Systemodon is a genus of early Eocene mammal of Wasatchian age (ca. 55-50 mya). It was one of many mammals originally considered the earliest horses, long classified in the genus Hyracotherium (commonly known as Eohippus). These were dog-sized animals that in life would have looked vaguely like a paca, mara, or chevrotain (though they were perissodactyls, not rodents or artiodactyls.) The type species, S. tapirinus, is represented by 24 individuals from a locale called the Castillo pocket in the Huerfano Formation of Colorado. This well-preserved deposit allows researchers to reconstruct aspects of the environment and lifestyle of the species.

== Taxonomy ==
The genus was named by E.D. Cope in 1875, who recognized it as different from Hyracotherium and a basal perissodactyl. It was later believed to be an equid and referred to Hyracotherium (Hyracotherium tapirinum, incl. H. cristatum Wortman 1896, also =Orohippus tapirinus). A 1984 analysis revealed this species did not fit well with others in the genus. Such studies revealed that Hyracotherium had become a wastebasket taxon of early perissodactyls; many species have now been reassigned to other genera whose exact relationships are not yet resolved. Systemodon has been identified as allied to Cymbalophus and as one of the most basal perissodactyls, making it part of the stem group ancestral to horses, rhinos, tapirs, and the extinct brontotheres and chalicotheres. If Systemodon is a stem perissodactyl, its unusually good preservation gives a rare glimpse into what is basal in the behavior as well as the form of a large group of mammals.
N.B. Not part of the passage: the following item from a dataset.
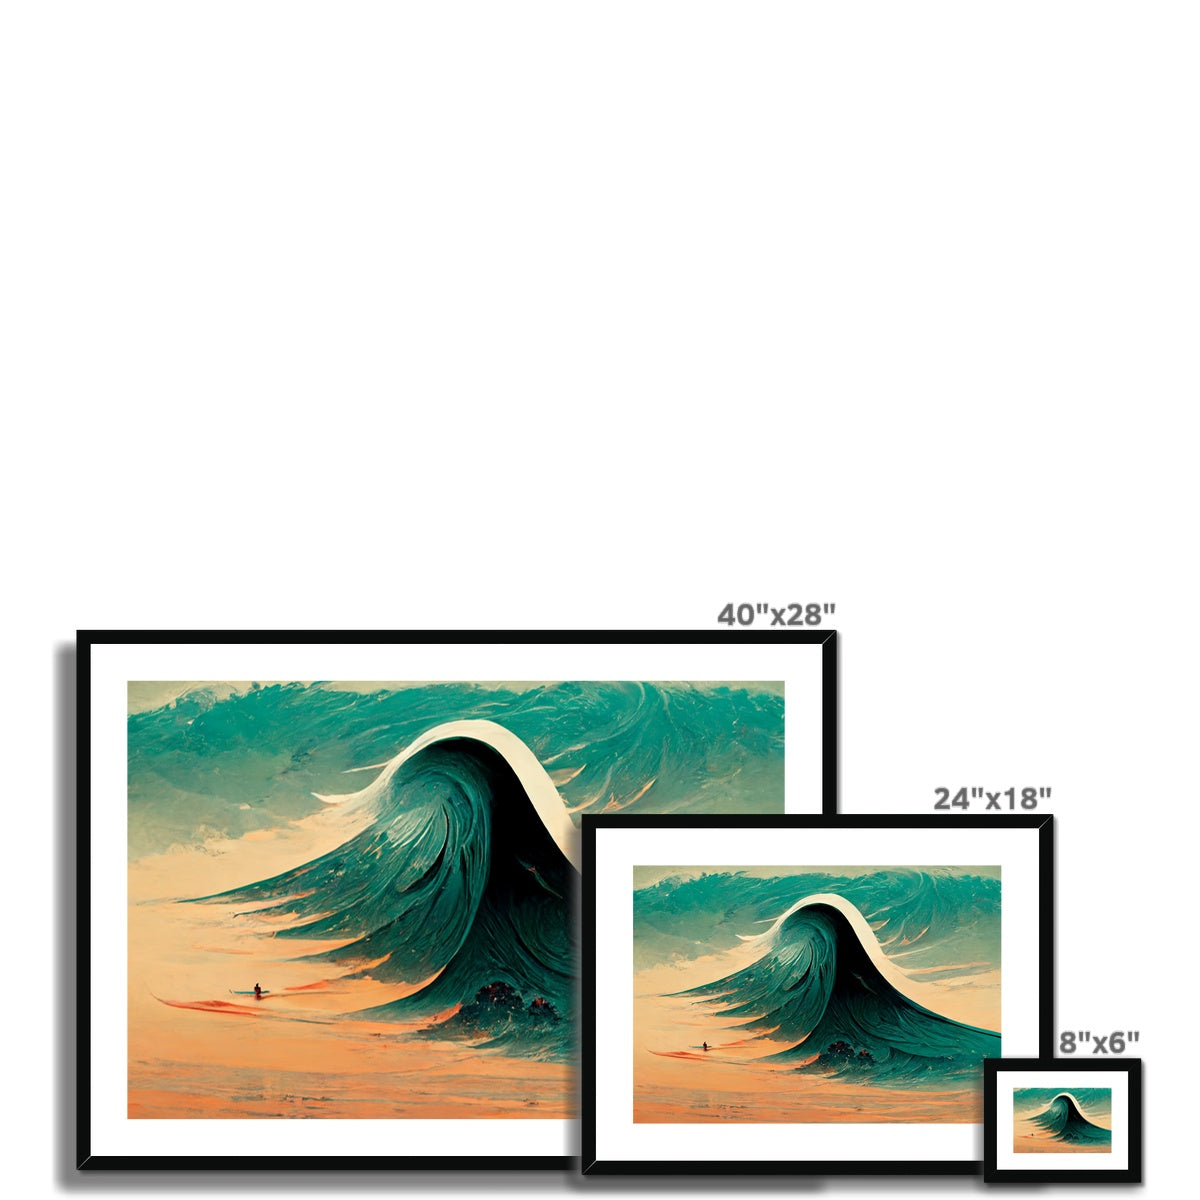 The Swell Framed & Mounted Print

Three other species were formerly assigned to this genus: S. semihians, S. protapirinus, and S. primaevus. The first has been reassigned to Cardiolophus, and the second and third synonymized as Hyracotherium protapirinus.

== Paleobiology ==
S. tapirinus lived in patchy woodlands near streams, an environment it shared with a smaller species of perissodactyl, Hyracotherium vasacciense. Other inhabitants of these environments included lemur-like and tarsier-like early primates, and flesh-eating creodonts. Analysis of its teeth and fossil pollen suggests that while Systemodon did not have the high-crowned molars needed to chew grass, it did not eat forest plants as has often been assumed for early ungulates, but browsed instead on forbs and flowers in more open areas. Both females and males had enlarged canine teeth. Fossils show two clear adult size groups that indicate sexual dimorphism, with male skulls about 15% larger than females, with 40% larger canine teeth. The presence of the genus coincides with a cooling and drying period where the closed tropical forests of the Paleocene-Eocene Thermal Maximum gave way to new, more open environments similar to modern park woodlands and savannas. Based on comparison with the anatomy and habits of living ungulates, it is likely that Systemodon lived in female groups, herding together as protection from predators in open spaces or to make the best use of localized patches of food in mixed environments. Prime-age males may have competed with each other to live in these groups, and used their canines in ritualized competitive battles or displays.